GIVEN DATA:
- Opening Delimiter -
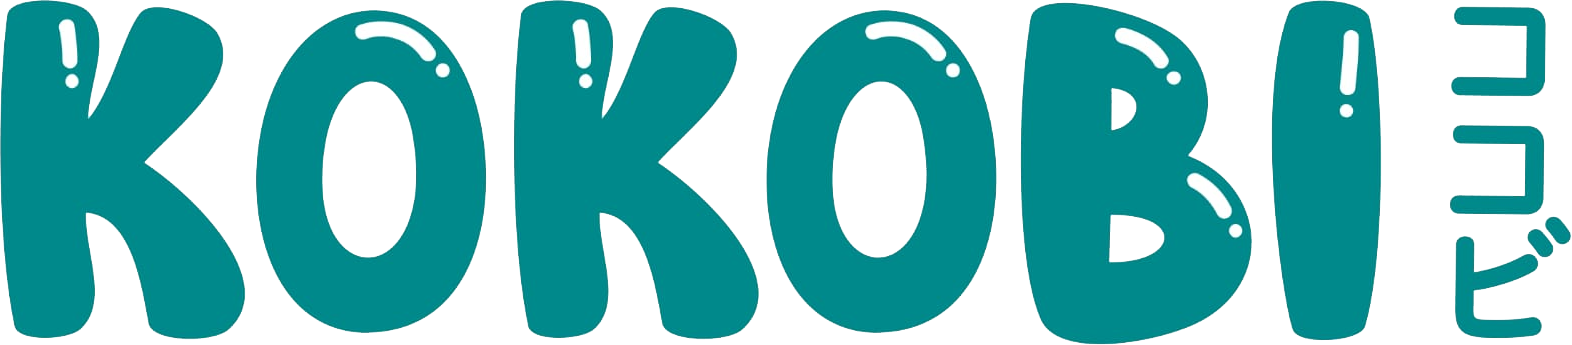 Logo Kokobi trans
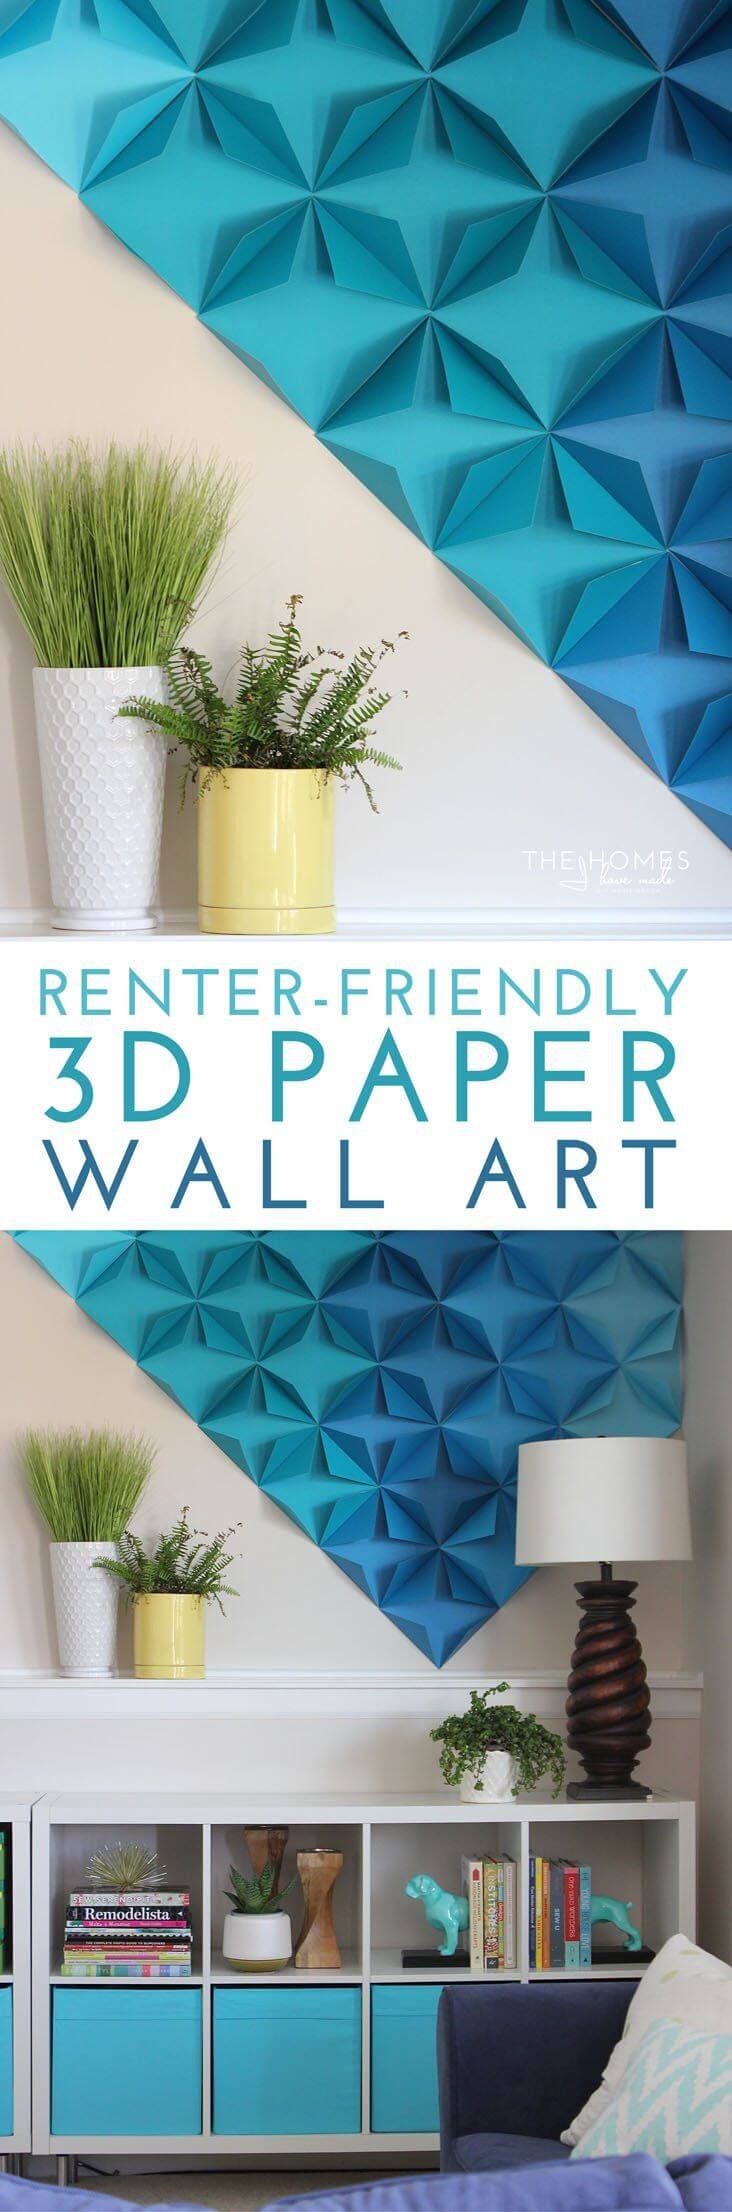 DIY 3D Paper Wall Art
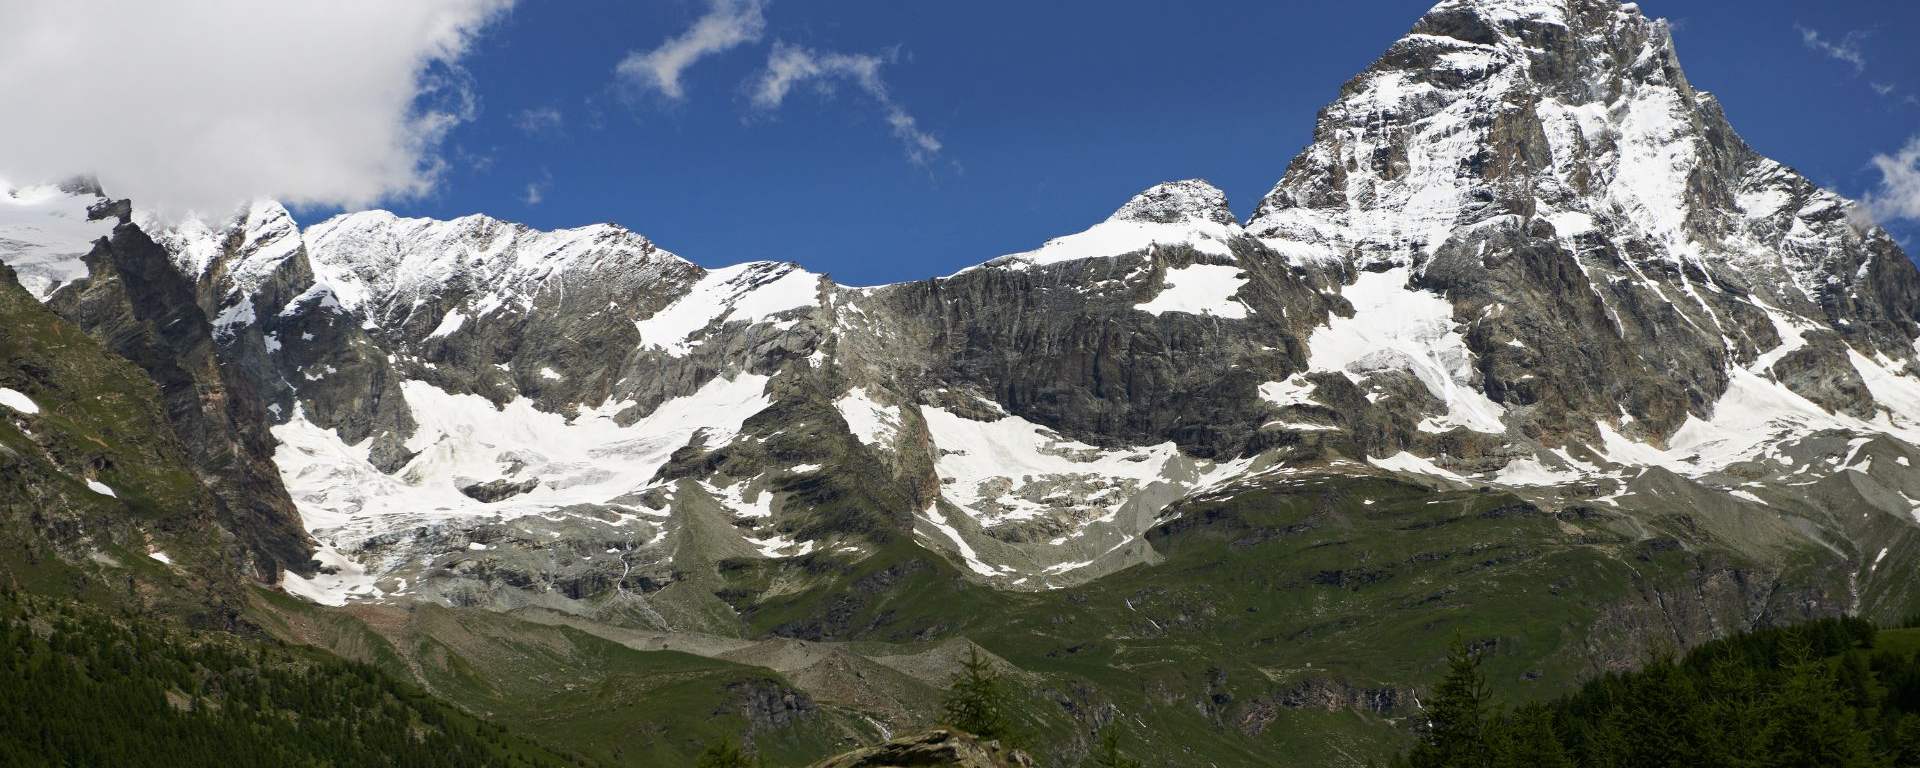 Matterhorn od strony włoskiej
- Closing Delimiter -
Output the listing above in full, exactly. No images.

 Logo Kokobi trans
 DIY 3D Paper Wall Art
 Matterhorn od strony włoskiej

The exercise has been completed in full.